I differ resting and break into two things. Resting is about sleep, but take a break is about going away from the distraction. It could be resting physicly or mentally, technology and everything that made me overwhelmed.

Bandung Station around 6 pm

I had a great time reading books and watching any content and woke up with good energy. It’s tough to feel happy when you just woke up. I feel so blessed and light. I suddenly took a lesson from my journey. Sometimes, I need a break time only for myself without getting in touch with people. I could focus on recovering my mental health from being overwhelmed. Josephine March ever had an accident which made her decision to break. When the time flew, she was all recovered. As for me, I was in the same boat as her. Even the journey of finding my soulmate. The difference is she has found her Bahr while I’m still single. So this is my journal, not a journal Jo.

A journey to find ourselves is the form of thinking and talking or looking deep in our hearts. I always find myself in a steady or stable stage, but once the hurricane came out, it was hard to stand still alone. Taking a break is out, relaxing our mind to always feel grateful to Allah and accepting the destiny that was given, even if that is our self. Being an idealist woman’s career isn’t easy. Always making planning after planning, productivity, and courage. Sometimes I had communication clashes with people. Taking a break is my thing to accept everything in life.

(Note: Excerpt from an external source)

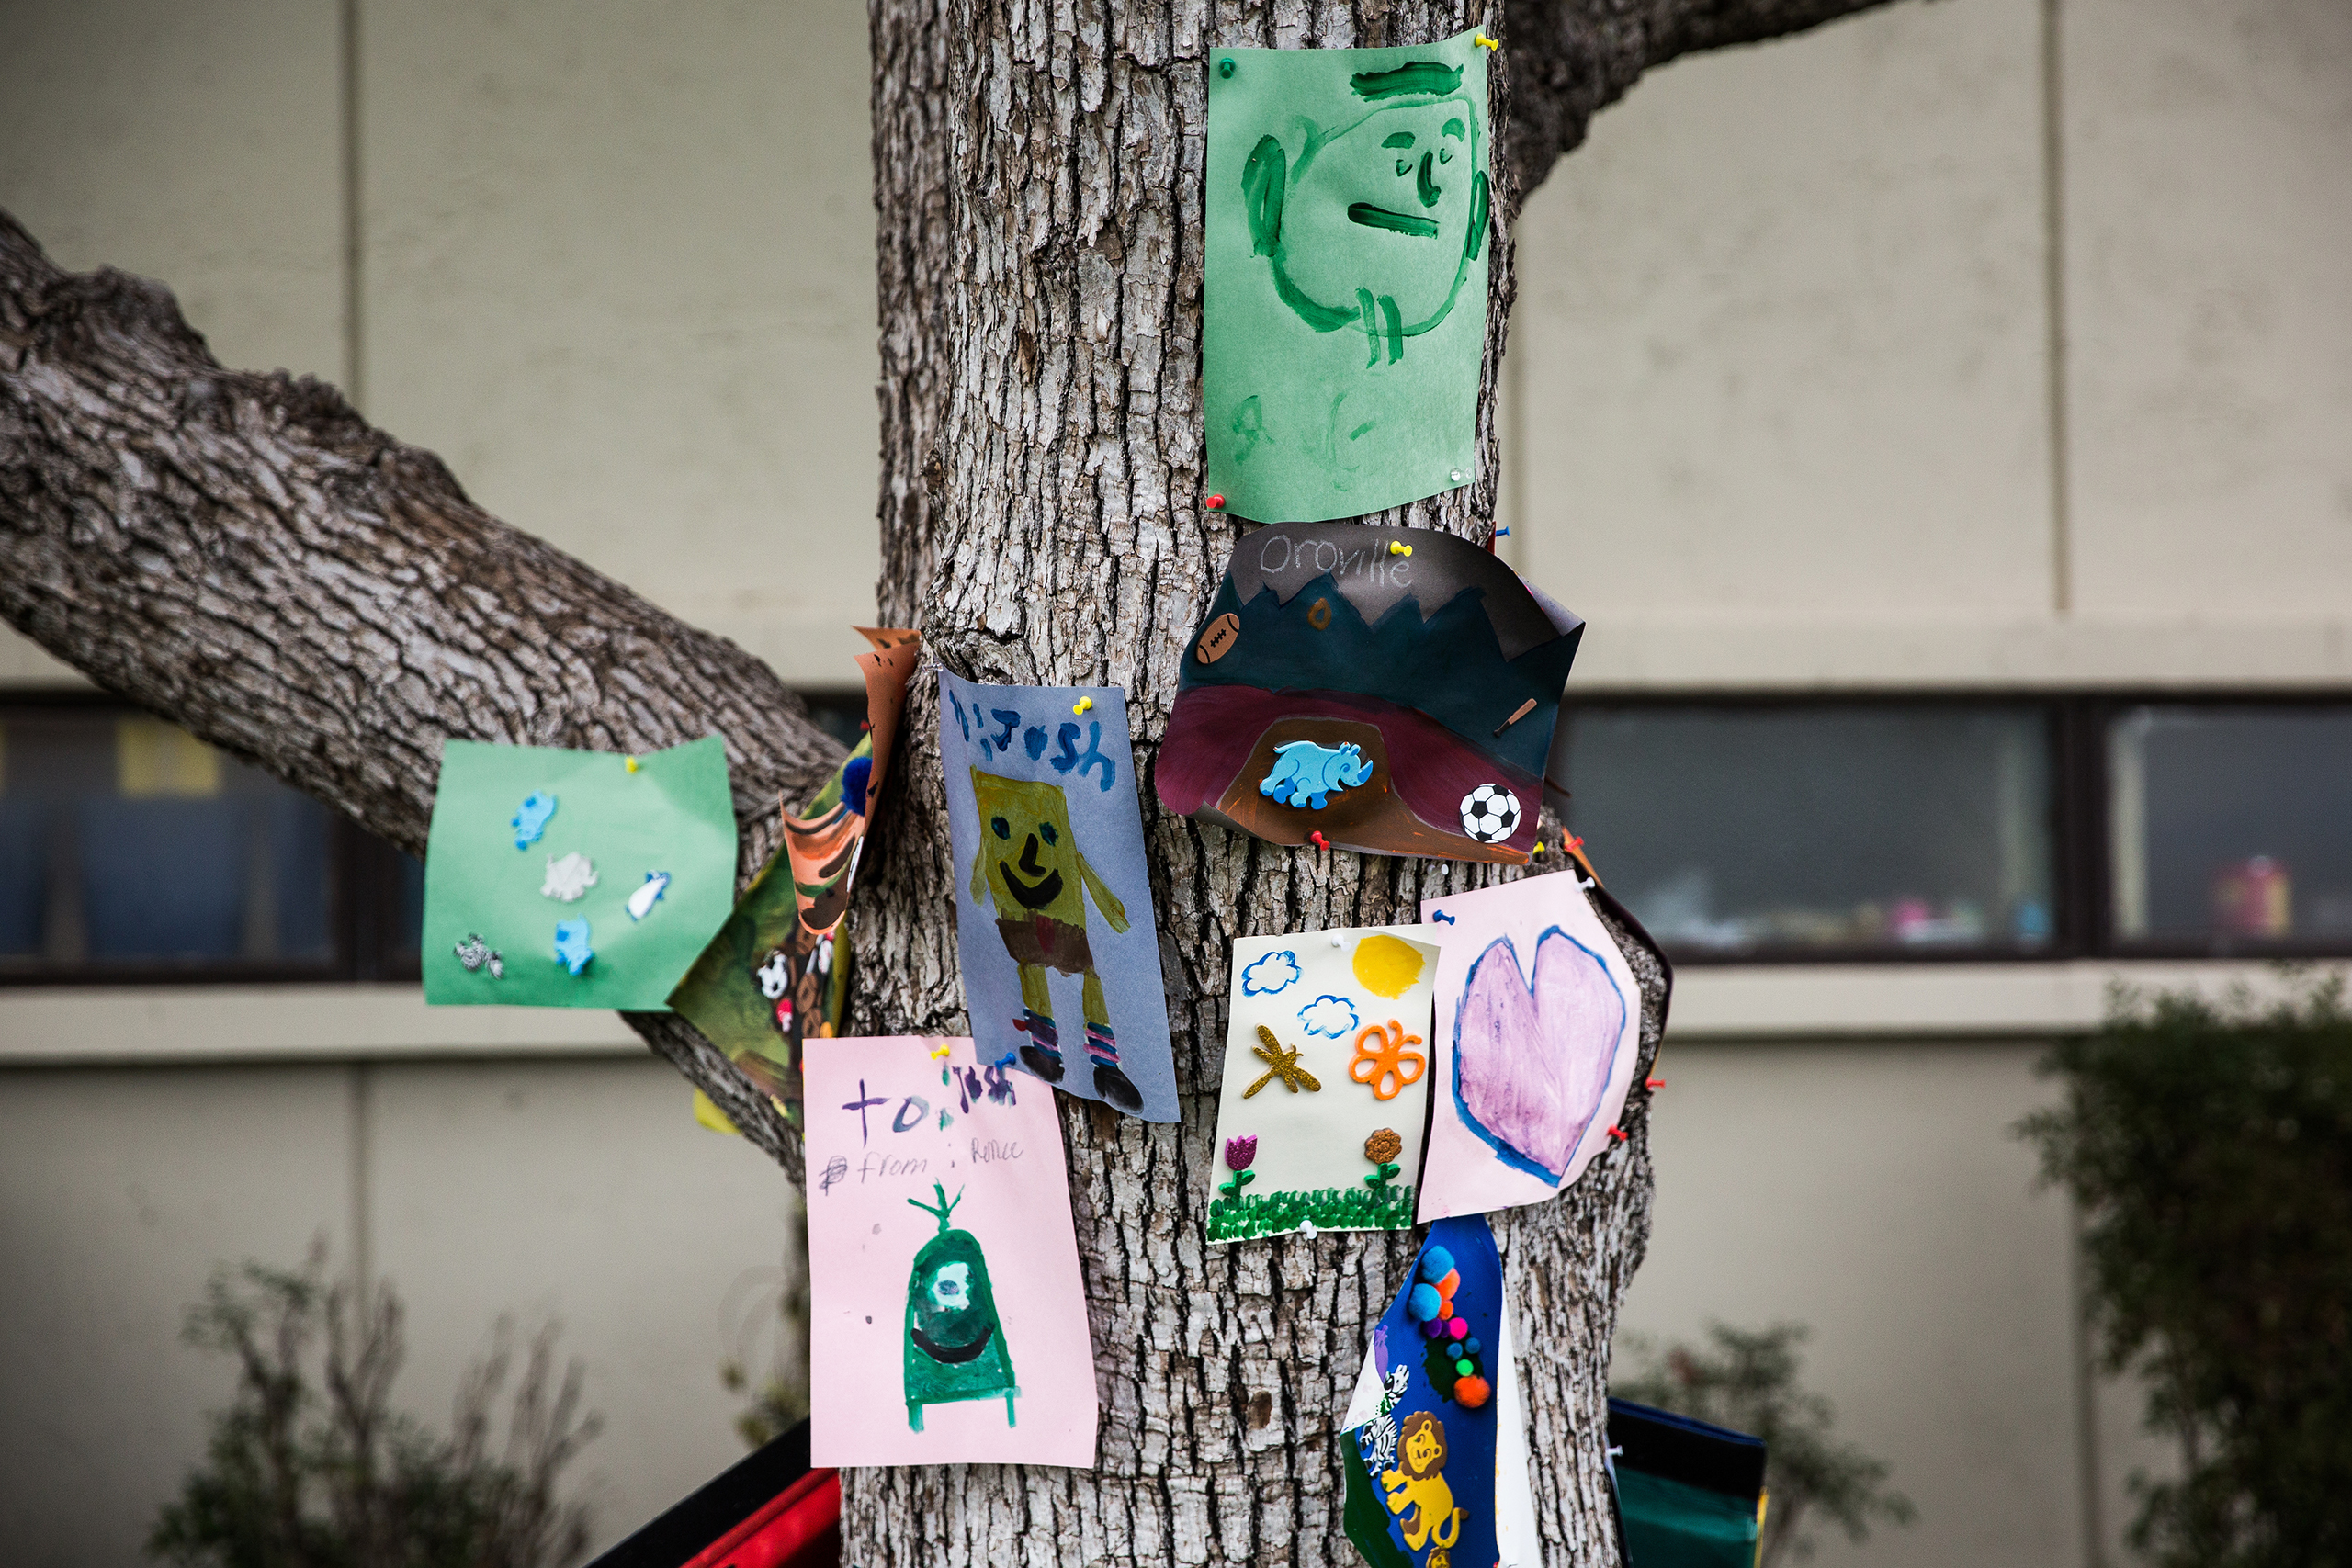 Children's artwork hangs on a tree at the evacuation center at the Butte County Fairgrounds in Chico, Calif., on Feb. 15, 2017.

When I was seventeen, my friend asked me: “Why does your life seem so easy? You are always happy every day and feel like you have no trouble in your life?”. She doesn’t know that moment was one of the hardest times in my life. I always thought I was fearless to take everything easy, but deep inside myself I can’t sleep at all. Since the divorce of my parents, when I was about fifteen to eighteen, I was envious of my friend’s life, in my eyes who only focused on studies. While I needed to take care of myself alone being kind and independent, taking care of the house, and taking care of my parents to feel connected to the family after parted, my brothers who were still young and needed a figure of a mother, my grandma and grandpa who were already old, the social and everything around me who always asked me tons of question and statement, also I need to study. Is hard, isn’t it? At least for me, it was really hard. My score performance proves that when I was in senior high school was the lowest time in my life. I want to be free but I need to study, it’s hard to keep it up, and I put all the burden alone.

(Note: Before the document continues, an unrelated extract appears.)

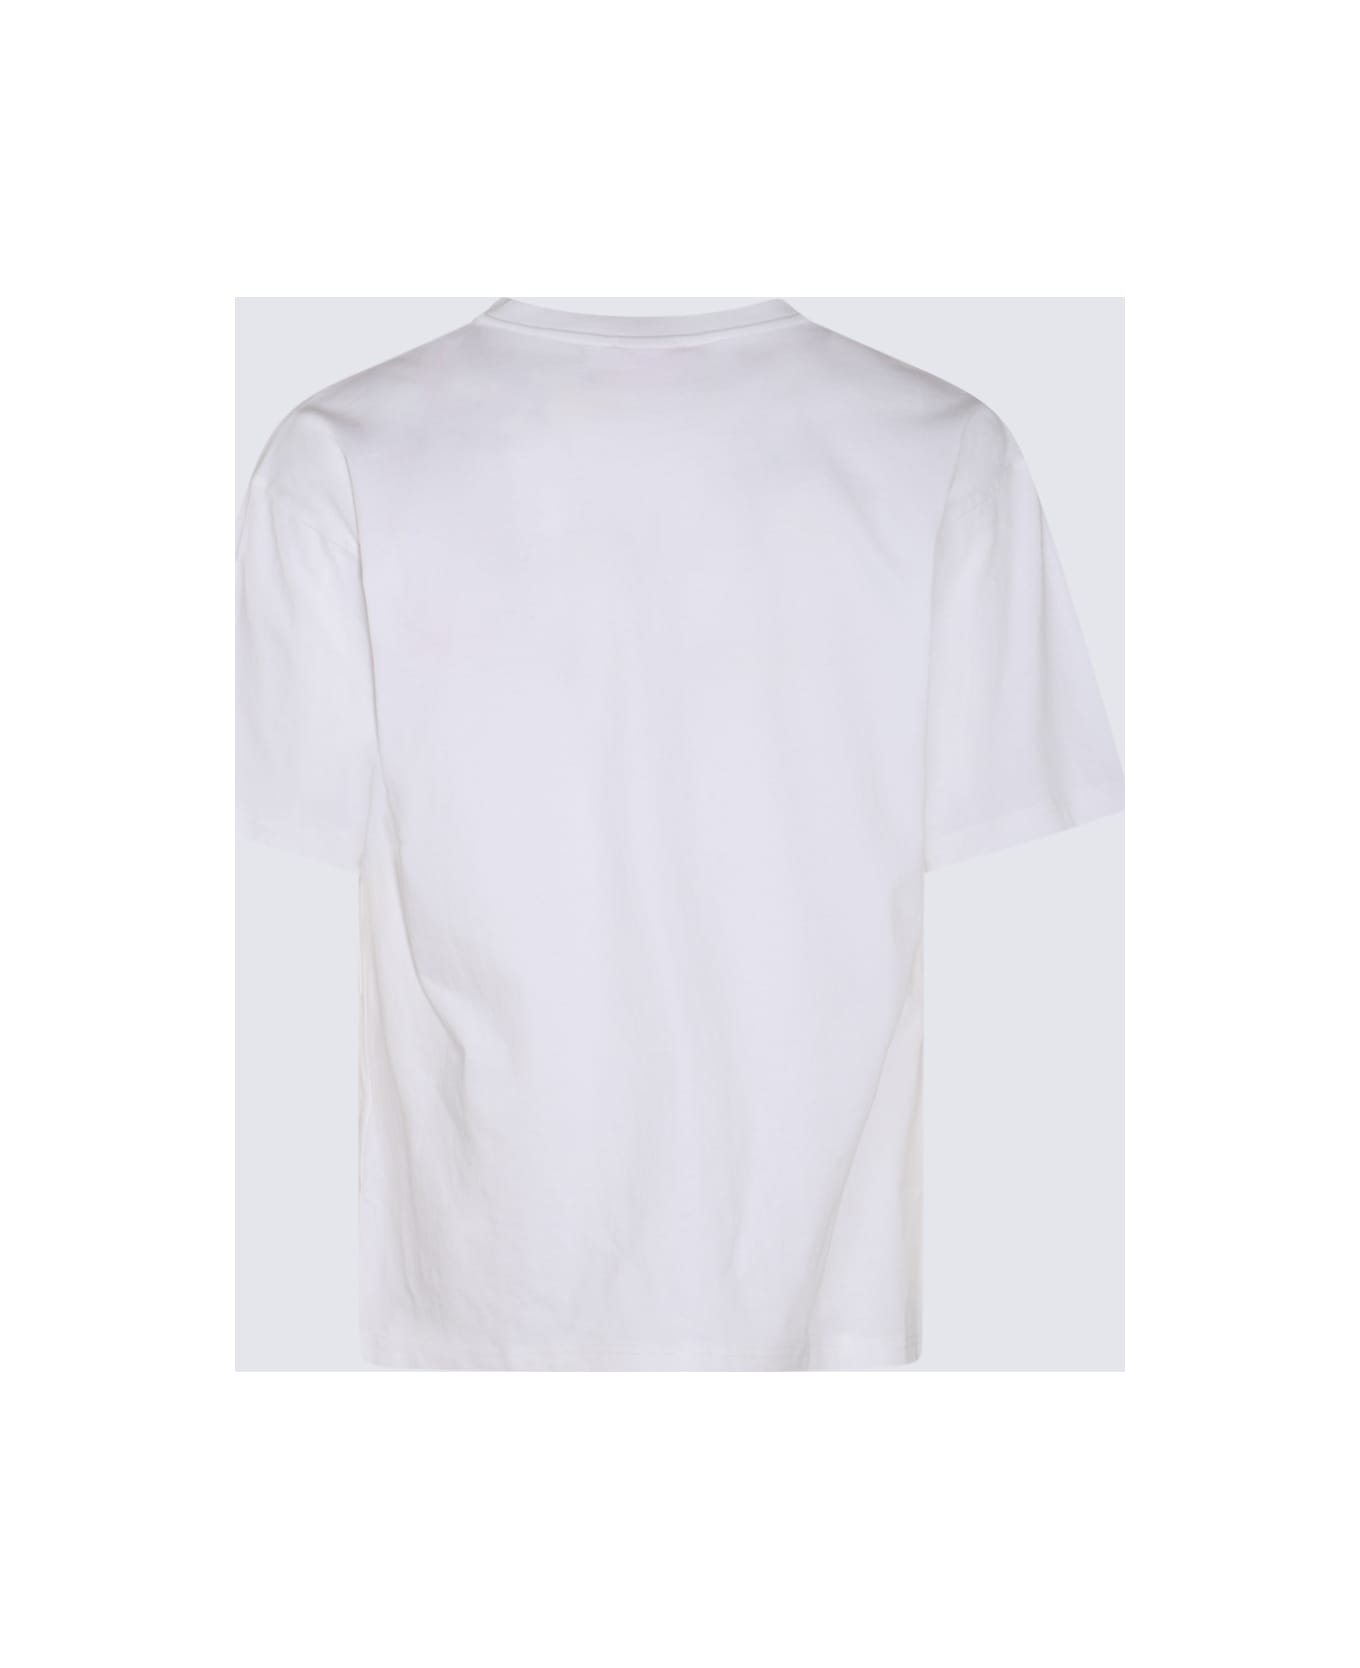 Diesel White And Red Cotton T-shirt - White

The time when I need to think about my next stage of life, my score is good enough in Chemistry and English, but I choose Communication instead, since I was so happy when I became an announcer in school, a reporter in one documenter, also I like the insight of media, I enjoy took the moment using the camera, reading all the materials made me happy. So I choose Communication and Literature as the second option. I was really brave enough to put away Mathematics, Physics, Chemistry, and Biology which I had a bad score. But still, I’m not that good.. I can’t keep up with my friends, I still focus on managing my emotional stage of life. End-up I regret several things, but thanks to that, I became better than I was before. I am better at studying in college life, and accepting my destiny, as I thought I was a lead actress not only a shadow. A bit funny when I remember my hobby is studying, yes it’s a fact.

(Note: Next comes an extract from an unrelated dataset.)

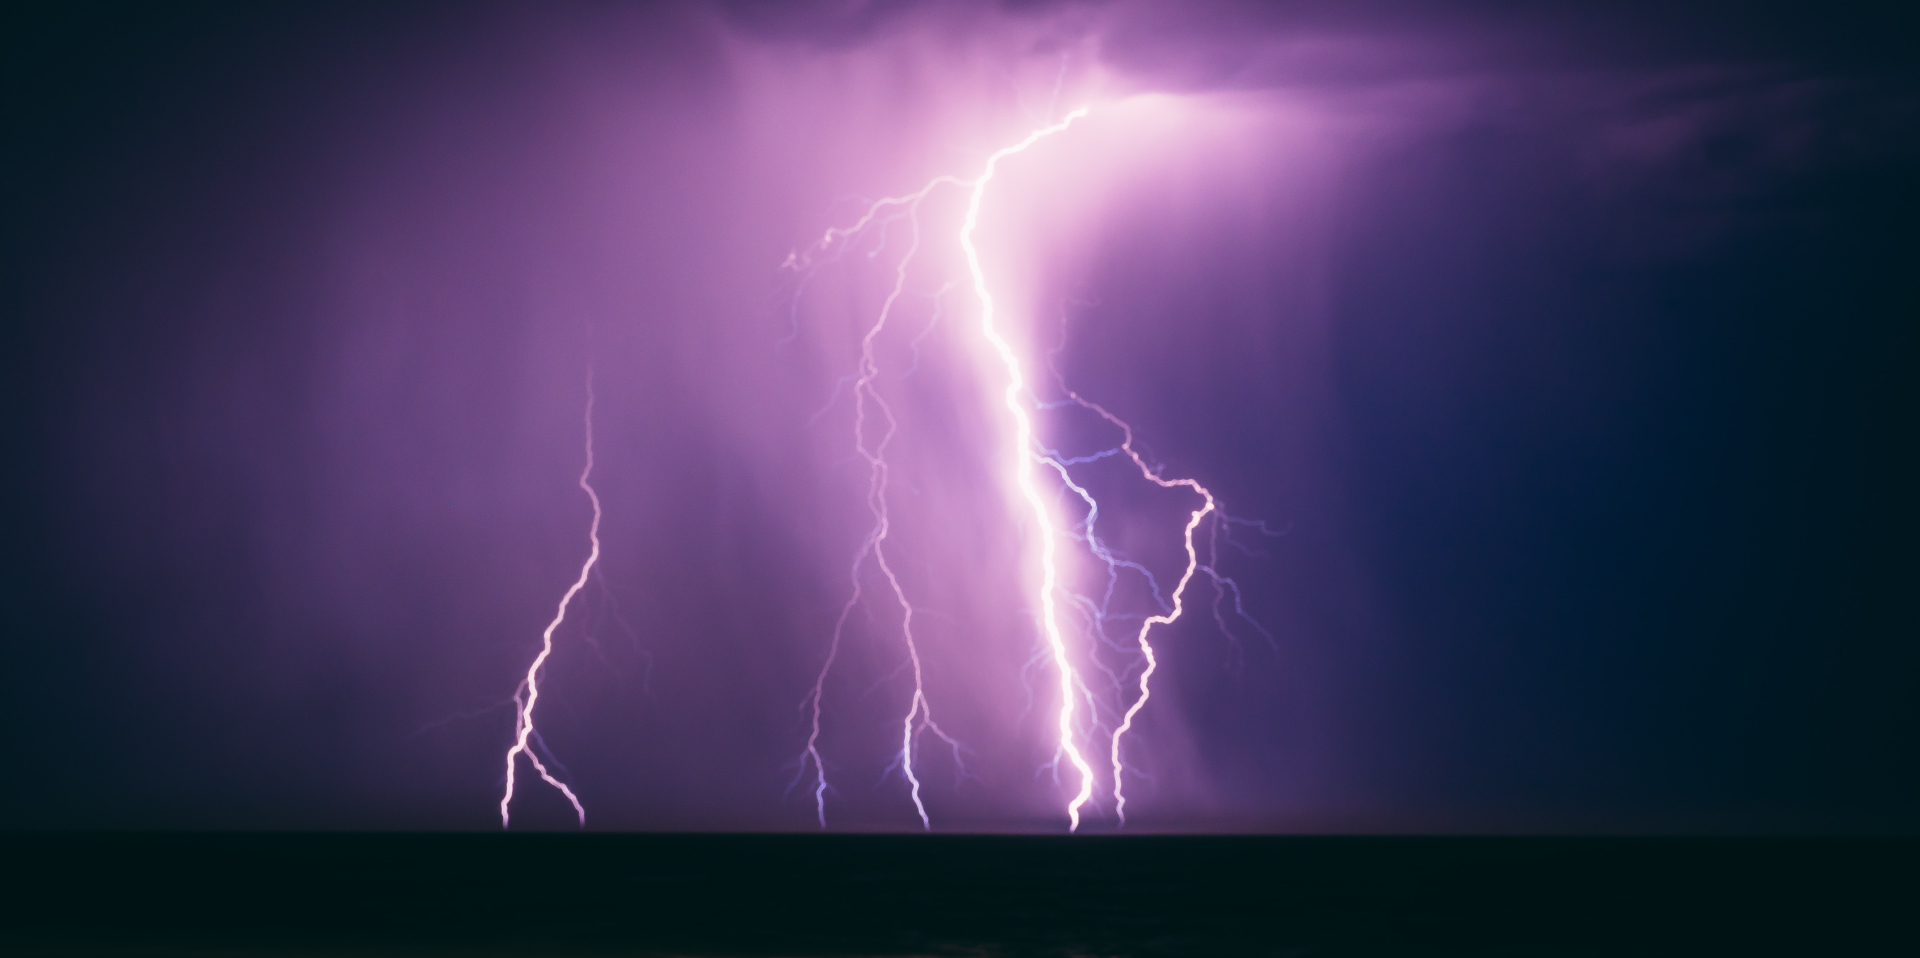 10 striking facts about lightning - Met Office

Now, I miss that moment. I miss being an adolescent, becoming an adult is harder than I thought. Much harder after twenty-five has passed, I need to decide on someone who will be my lifetime partner. I don’t regret anything instead I’m grateful for becoming who I am today. I’m still far from success, but I ever told the HR staff in my office, that my thought on success is doing pleasant things everything is my kind of success. A break is really good for keeping a good pace on my journey, remembering all moments, and hardships, but only remaining a smile.